Only the pictures are to be left out; please reproduce everything else in the data exactly.

* **Information supplied**:
-------

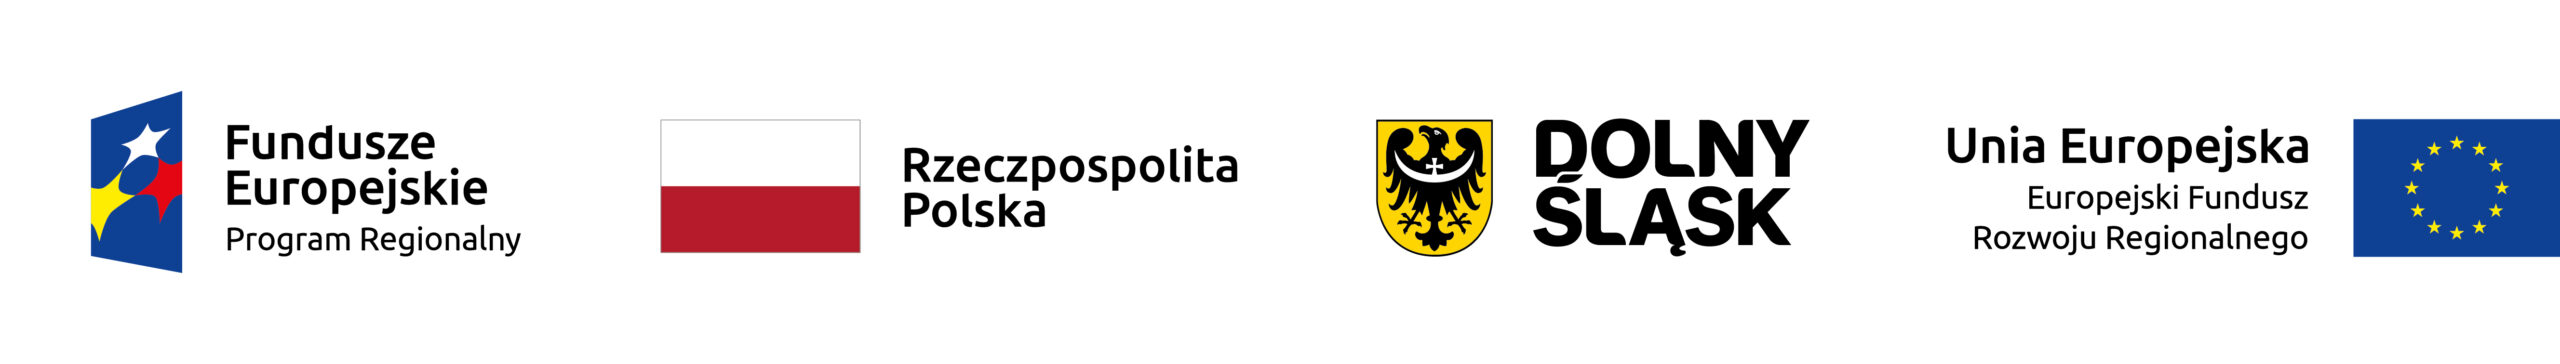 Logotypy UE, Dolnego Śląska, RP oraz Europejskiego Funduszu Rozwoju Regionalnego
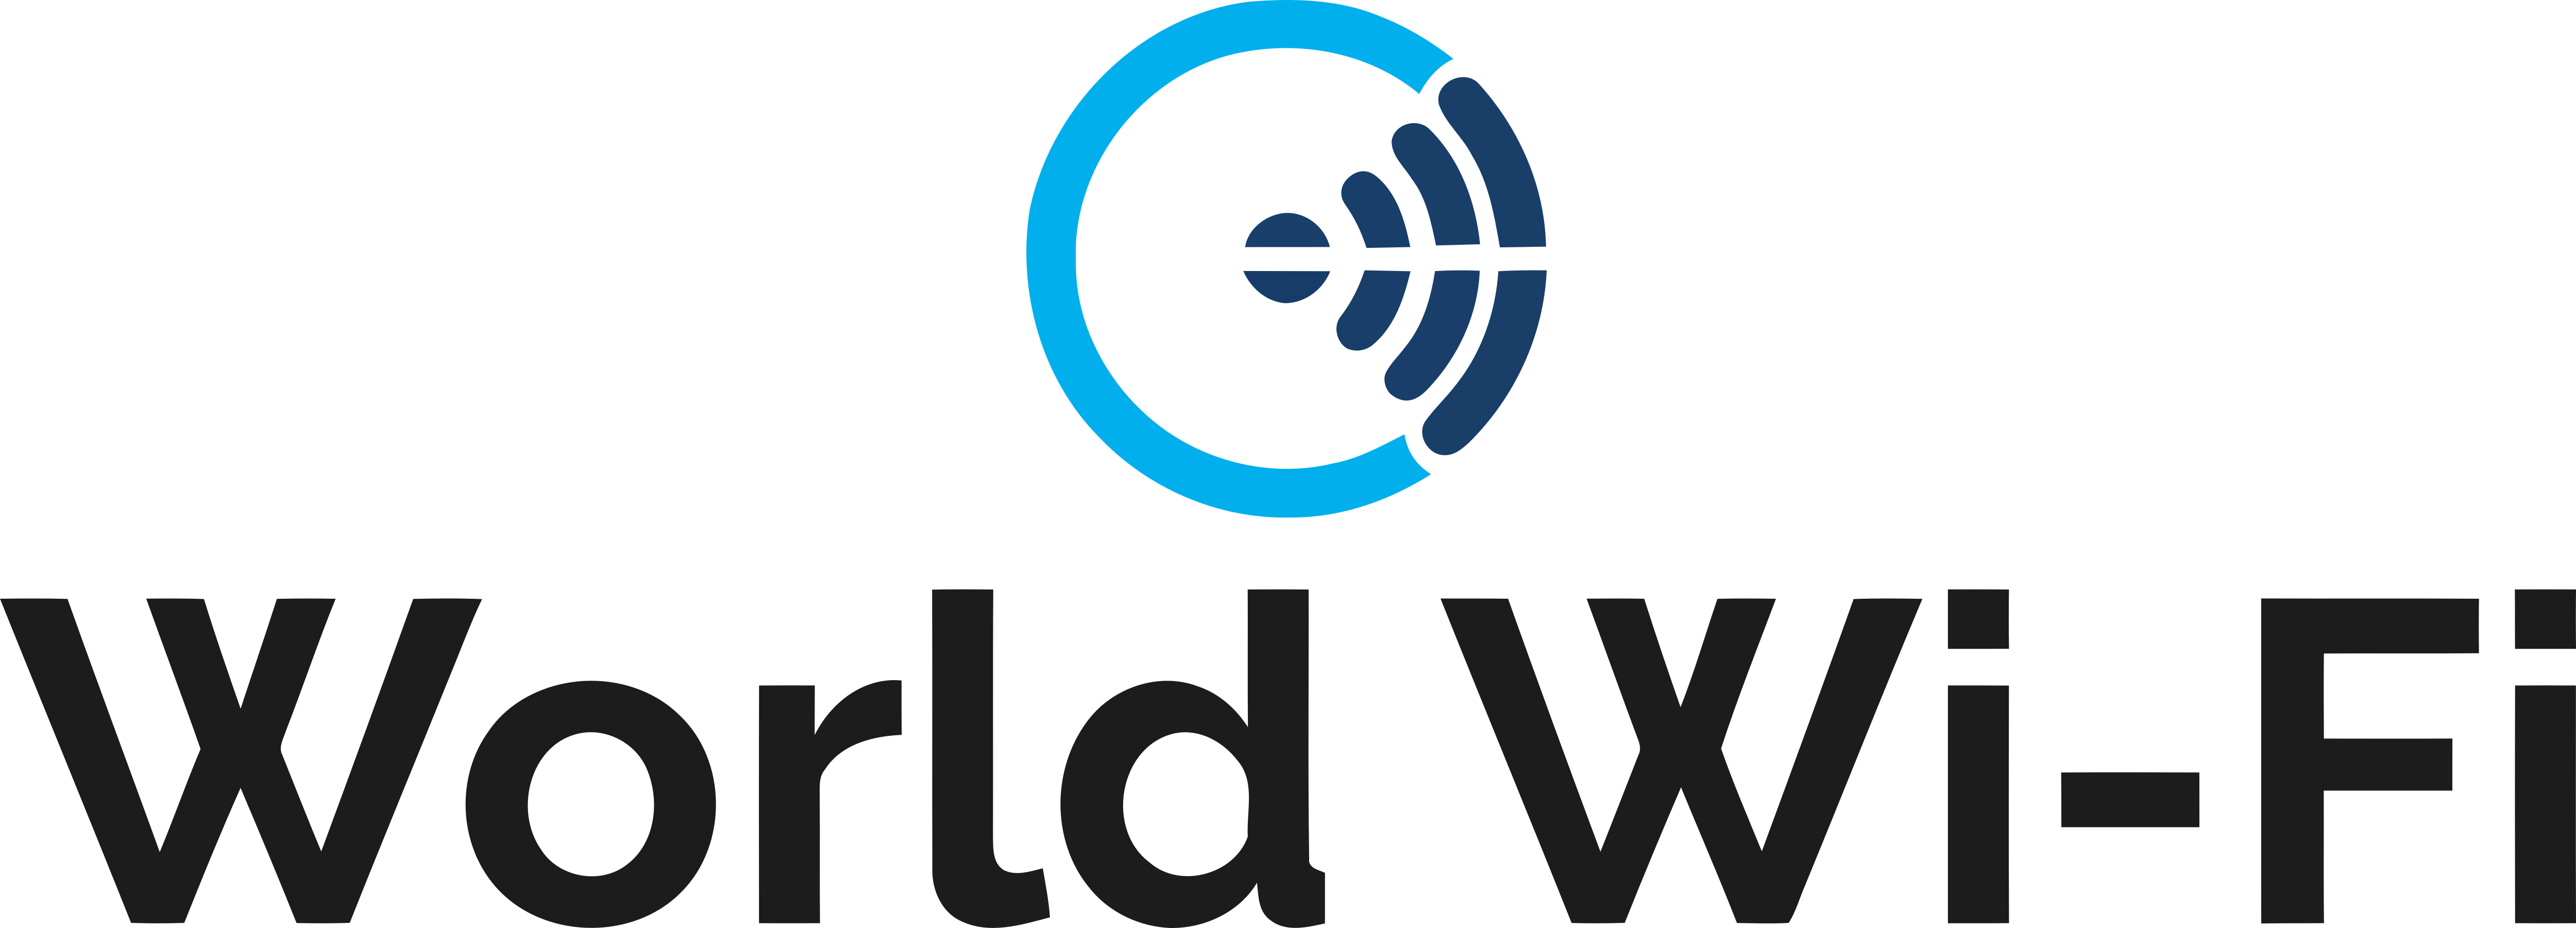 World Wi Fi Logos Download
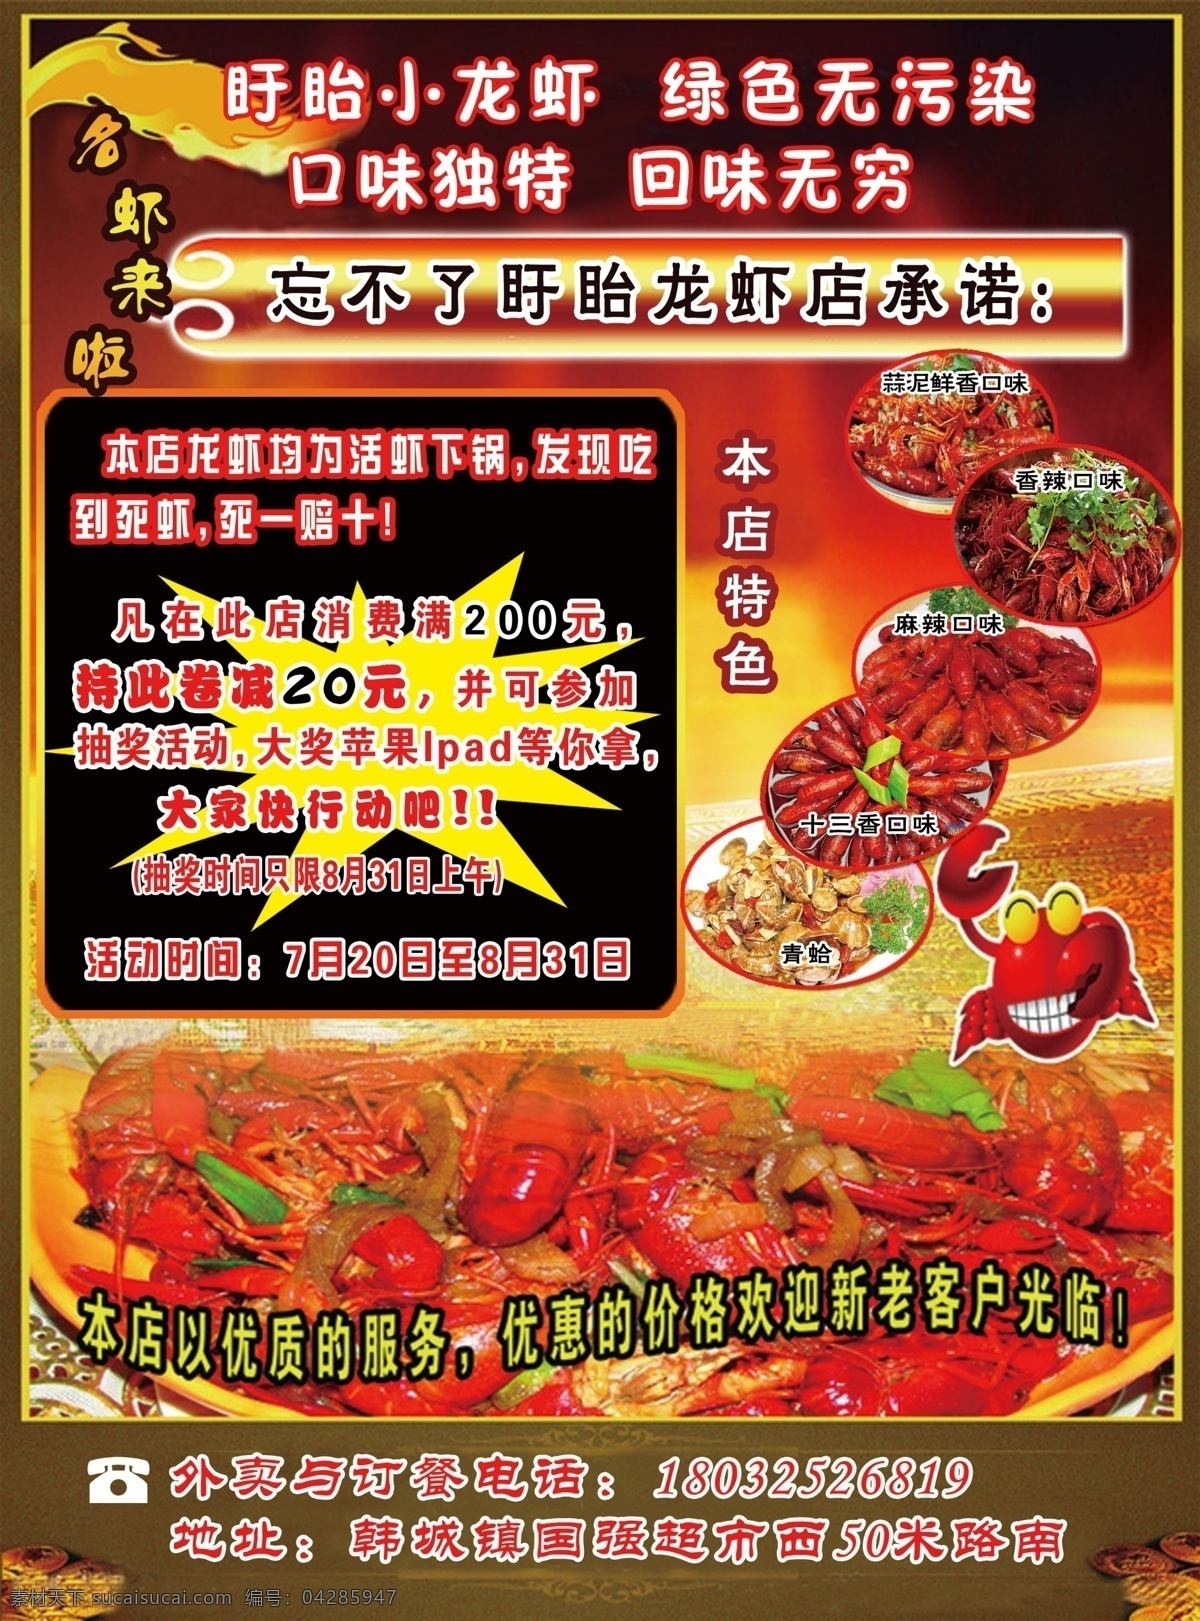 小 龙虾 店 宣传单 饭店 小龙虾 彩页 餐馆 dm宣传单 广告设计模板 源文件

-------

* **Task solution**:
 Logotypy UE, Dolnego Śląska, RP oraz Europejskiego Funduszu Rozwoju Regionalnego
 World Wi Fi Logos Download
 小 龙虾 店 宣传单 饭店 小龙虾 彩页 餐馆 dm宣传单 广告设计模板 源文件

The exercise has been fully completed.